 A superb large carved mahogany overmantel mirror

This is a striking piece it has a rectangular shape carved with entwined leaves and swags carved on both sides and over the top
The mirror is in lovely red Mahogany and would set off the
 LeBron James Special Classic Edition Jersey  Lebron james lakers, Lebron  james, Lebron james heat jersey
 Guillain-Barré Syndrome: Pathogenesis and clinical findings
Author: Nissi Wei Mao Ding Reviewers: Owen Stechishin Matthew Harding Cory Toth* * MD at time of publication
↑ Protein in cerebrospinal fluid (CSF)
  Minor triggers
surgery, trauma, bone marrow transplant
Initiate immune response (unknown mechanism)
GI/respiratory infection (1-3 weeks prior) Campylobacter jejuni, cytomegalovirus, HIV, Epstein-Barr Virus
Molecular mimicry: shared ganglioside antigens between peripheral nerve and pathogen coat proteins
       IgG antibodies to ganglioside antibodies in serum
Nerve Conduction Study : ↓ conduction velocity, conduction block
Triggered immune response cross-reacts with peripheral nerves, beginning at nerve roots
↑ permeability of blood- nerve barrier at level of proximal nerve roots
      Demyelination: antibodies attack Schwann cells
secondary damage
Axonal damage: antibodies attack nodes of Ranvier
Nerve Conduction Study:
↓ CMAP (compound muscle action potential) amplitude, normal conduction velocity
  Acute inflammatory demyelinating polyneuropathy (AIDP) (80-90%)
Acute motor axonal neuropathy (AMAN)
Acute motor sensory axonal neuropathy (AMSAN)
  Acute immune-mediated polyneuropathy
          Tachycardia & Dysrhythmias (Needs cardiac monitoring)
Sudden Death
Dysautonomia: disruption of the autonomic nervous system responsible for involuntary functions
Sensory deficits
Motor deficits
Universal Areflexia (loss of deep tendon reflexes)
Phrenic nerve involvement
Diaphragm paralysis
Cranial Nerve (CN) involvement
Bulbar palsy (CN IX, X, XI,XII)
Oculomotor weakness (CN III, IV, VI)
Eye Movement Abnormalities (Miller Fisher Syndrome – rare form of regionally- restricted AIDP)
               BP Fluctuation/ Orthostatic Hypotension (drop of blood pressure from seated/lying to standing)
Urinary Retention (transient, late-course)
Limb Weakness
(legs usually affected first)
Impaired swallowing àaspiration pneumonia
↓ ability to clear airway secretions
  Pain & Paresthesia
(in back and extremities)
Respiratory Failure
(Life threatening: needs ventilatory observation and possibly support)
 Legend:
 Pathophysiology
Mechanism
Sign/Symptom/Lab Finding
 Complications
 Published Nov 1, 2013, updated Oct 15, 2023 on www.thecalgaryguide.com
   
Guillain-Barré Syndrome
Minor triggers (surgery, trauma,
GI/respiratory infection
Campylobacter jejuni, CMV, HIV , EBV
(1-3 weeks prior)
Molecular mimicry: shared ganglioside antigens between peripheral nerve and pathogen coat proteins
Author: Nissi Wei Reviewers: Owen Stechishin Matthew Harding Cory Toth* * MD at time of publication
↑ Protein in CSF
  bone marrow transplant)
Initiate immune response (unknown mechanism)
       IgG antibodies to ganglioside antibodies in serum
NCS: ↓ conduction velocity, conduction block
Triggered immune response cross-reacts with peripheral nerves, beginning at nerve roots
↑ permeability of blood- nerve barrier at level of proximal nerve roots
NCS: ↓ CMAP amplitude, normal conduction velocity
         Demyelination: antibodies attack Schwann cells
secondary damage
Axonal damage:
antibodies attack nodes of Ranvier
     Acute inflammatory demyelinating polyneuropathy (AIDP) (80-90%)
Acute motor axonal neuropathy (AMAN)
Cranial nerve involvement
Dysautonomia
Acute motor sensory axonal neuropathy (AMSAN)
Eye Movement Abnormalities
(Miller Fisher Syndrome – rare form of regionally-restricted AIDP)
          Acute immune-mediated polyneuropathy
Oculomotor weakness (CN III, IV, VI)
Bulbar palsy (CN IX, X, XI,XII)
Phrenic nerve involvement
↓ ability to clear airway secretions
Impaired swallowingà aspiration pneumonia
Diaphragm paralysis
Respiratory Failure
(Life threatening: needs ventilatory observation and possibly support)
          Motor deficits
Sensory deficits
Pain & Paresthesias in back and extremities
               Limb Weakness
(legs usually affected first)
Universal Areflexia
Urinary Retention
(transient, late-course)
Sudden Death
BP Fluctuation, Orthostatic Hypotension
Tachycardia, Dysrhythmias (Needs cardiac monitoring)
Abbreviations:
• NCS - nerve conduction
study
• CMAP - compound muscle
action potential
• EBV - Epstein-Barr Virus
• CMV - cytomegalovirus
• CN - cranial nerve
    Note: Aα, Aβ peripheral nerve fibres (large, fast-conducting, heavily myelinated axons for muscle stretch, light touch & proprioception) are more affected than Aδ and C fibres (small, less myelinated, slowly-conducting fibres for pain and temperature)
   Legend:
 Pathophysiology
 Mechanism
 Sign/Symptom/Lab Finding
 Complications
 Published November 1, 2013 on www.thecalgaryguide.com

---*---

## Work to be completed
Write out all the data exactly.

## Answer to the exercise
 A superb large carved mahogany overmantel mirror

This is a striking piece it has a rectangular shape carved with entwined leaves and swags carved on both sides and over the top
The mirror is in lovely red Mahogany and would set off the
 LeBron James Special Classic Edition Jersey  Lebron james lakers, Lebron  james, Lebron james heat jersey
 Guillain-Barré Syndrome: Pathogenesis and clinical findings
Author: Nissi Wei Mao Ding Reviewers: Owen Stechishin Matthew Harding Cory Toth* * MD at time of publication
↑ Protein in cerebrospinal fluid (CSF)
  Minor triggers
surgery, trauma, bone marrow transplant
Initiate immune response (unknown mechanism)
GI/respiratory infection (1-3 weeks prior) Campylobacter jejuni, cytomegalovirus, HIV, Epstein-Barr Virus
Molecular mimicry: shared ganglioside antigens between peripheral nerve and pathogen coat proteins
       IgG antibodies to ganglioside antibodies in serum
Nerve Conduction Study : ↓ conduction velocity, conduction block
Triggered immune response cross-reacts with peripheral nerves, beginning at nerve roots
↑ permeability of blood- nerve barrier at level of proximal nerve roots
      Demyelination: antibodies attack Schwann cells
secondary damage
Axonal damage: antibodies attack nodes of Ranvier
Nerve Conduction Study:
↓ CMAP (compound muscle action potential) amplitude, normal conduction velocity
  Acute inflammatory demyelinating polyneuropathy (AIDP) (80-90%)
Acute motor axonal neuropathy (AMAN)
Acute motor sensory axonal neuropathy (AMSAN)
  Acute immune-mediated polyneuropathy
          Tachycardia & Dysrhythmias (Needs cardiac monitoring)
Sudden Death
Dysautonomia: disruption of the autonomic nervous system responsible for involuntary functions
Sensory deficits
Motor deficits
Universal Areflexia (loss of deep tendon reflexes)
Phrenic nerve involvement
Diaphragm paralysis
Cranial Nerve (CN) involvement
Bulbar palsy (CN IX, X, XI,XII)
Oculomotor weakness (CN III, IV, VI)
Eye Movement Abnormalities (Miller Fisher Syndrome – rare form of regionally- restricted AIDP)
               BP Fluctuation/ Orthostatic Hypotension (drop of blood pressure from seated/lying to standing)
Urinary Retention (transient, late-course)
Limb Weakness
(legs usually affected first)
Impaired swallowing àaspiration pneumonia
↓ ability to clear airway secretions
  Pain & Paresthesia
(in back and extremities)
Respiratory Failure
(Life threatening: needs ventilatory observation and possibly support)
 Legend:
 Pathophysiology
Mechanism
Sign/Symptom/Lab Finding
 Complications
 Published Nov 1, 2013, updated Oct 15, 2023 on www.thecalgaryguide.com
   
Guillain-Barré Syndrome
Minor triggers (surgery, trauma,
GI/respiratory infection
Campylobacter jejuni, CMV, HIV , EBV
(1-3 weeks prior)
Molecular mimicry: shared ganglioside antigens between peripheral nerve and pathogen coat proteins
Author: Nissi Wei Reviewers: Owen Stechishin Matthew Harding Cory Toth* * MD at time of publication
↑ Protein in CSF
  bone marrow transplant)
Initiate immune response (unknown mechanism)
       IgG antibodies to ganglioside antibodies in serum
NCS: ↓ conduction velocity, conduction block
Triggered immune response cross-reacts with peripheral nerves, beginning at nerve roots
↑ permeability of blood- nerve barrier at level of proximal nerve roots
NCS: ↓ CMAP amplitude, normal conduction velocity
         Demyelination: antibodies attack Schwann cells
secondary damage
Axonal damage:
antibodies attack nodes of Ranvier
     Acute inflammatory demyelinating polyneuropathy (AIDP) (80-90%)
Acute motor axonal neuropathy (AMAN)
Cranial nerve involvement
Dysautonomia
Acute motor sensory axonal neuropathy (AMSAN)
Eye Movement Abnormalities
(Miller Fisher Syndrome – rare form of regionally-restricted AIDP)
          Acute immune-mediated polyneuropathy
Oculomotor weakness (CN III, IV, VI)
Bulbar palsy (CN IX, X, XI,XII)
Phrenic nerve involvement
↓ ability to clear airway secretions
Impaired swallowingà aspiration pneumonia
Diaphragm paralysis
Respiratory Failure
(Life threatening: needs ventilatory observation and possibly support)
          Motor deficits
Sensory deficits
Pain & Paresthesias in back and extremities
               Limb Weakness
(legs usually affected first)
Universal Areflexia
Urinary Retention
(transient, late-course)
Sudden Death
BP Fluctuation, Orthostatic Hypotension
Tachycardia, Dysrhythmias (Needs cardiac monitoring)
Abbreviations:
• NCS - nerve conduction
study
• CMAP - compound muscle
action potential
• EBV - Epstein-Barr Virus
• CMV - cytomegalovirus
• CN - cranial nerve
    Note: Aα, Aβ peripheral nerve fibres (large, fast-conducting, heavily myelinated axons for muscle stretch, light touch & proprioception) are more affected than Aδ and C fibres (small, less myelinated, slowly-conducting fibres for pain and temperature)
   Legend:
 Pathophysiology
 Mechanism
 Sign/Symptom/Lab Finding
 Complications
 Published November 1, 2013 on www.thecalgaryguide.com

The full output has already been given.